How to Use Gathr Analytics’s In-built Functions
Suppose “Releases” dataset has Start date and Release date but you need time taken for the release. Use the DATEDIFF function to calculate the difference between two dates.
Open the formula editor, and name the new computed column.
Type-in few letters of the function name (say date.) Select the function you need, from the drop downs list.
- A function help box will provide you description, syntax, and few examples to help you complete the formula.
- Type-in first few letters of the name of the column (to be provided as arguments to the function) and Gathr Analytics’s autocomplete feature will provide you the list of matching columns and Data Sets. You can choose from the drop-down list.
Note: You can select columns from the Data Panel as well.
- Provide all the arguments to complete your formula. In the example, you need to provide interval as ‘Day’.

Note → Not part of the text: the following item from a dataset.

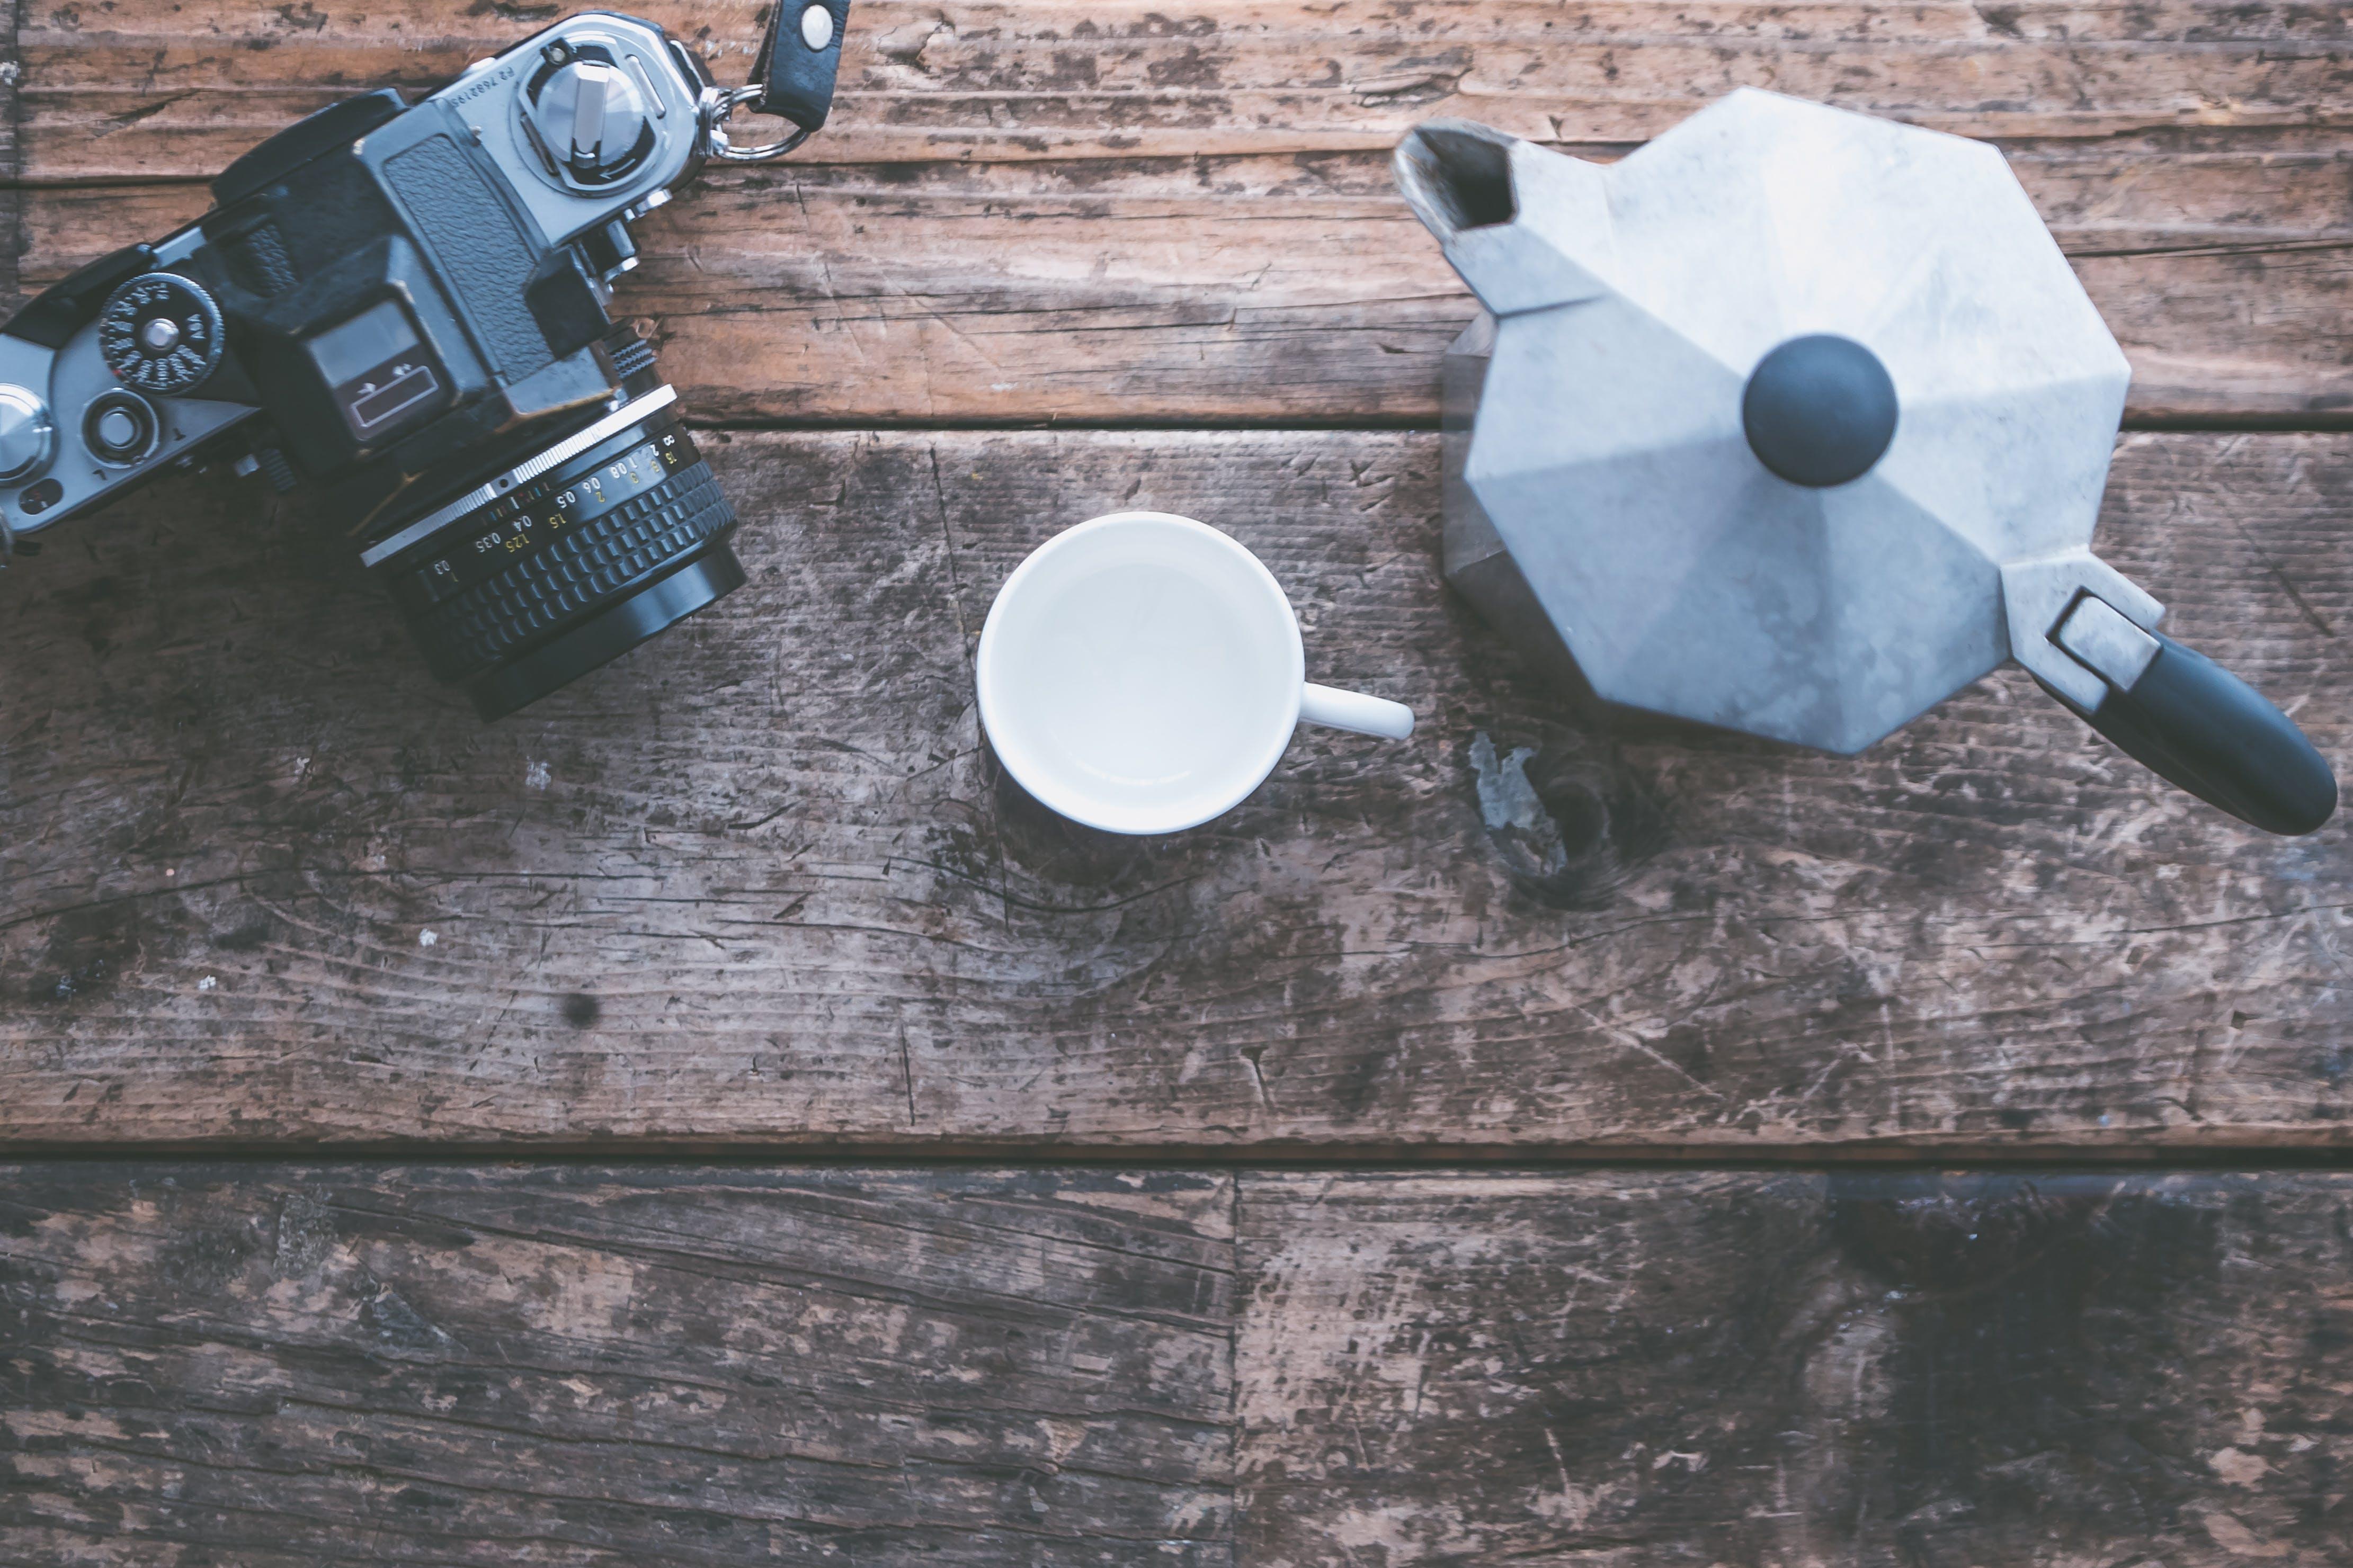 Black Slr Camera Beside White Ceramic Mug and Grey Teapot on Brown Wooden Table

When finished, click icon. Fix the errors (if any) for missing parameters,an incorrect number of required parameters or misplaced closing parenthesis.
Add a business type for the newly created column from the suggested options and click Ok.
To learn more, refer Section Basic Concepts and Terminology.
Gathr Analytics’s Functions List
List of all the in-built functions available in Gathr Analytics.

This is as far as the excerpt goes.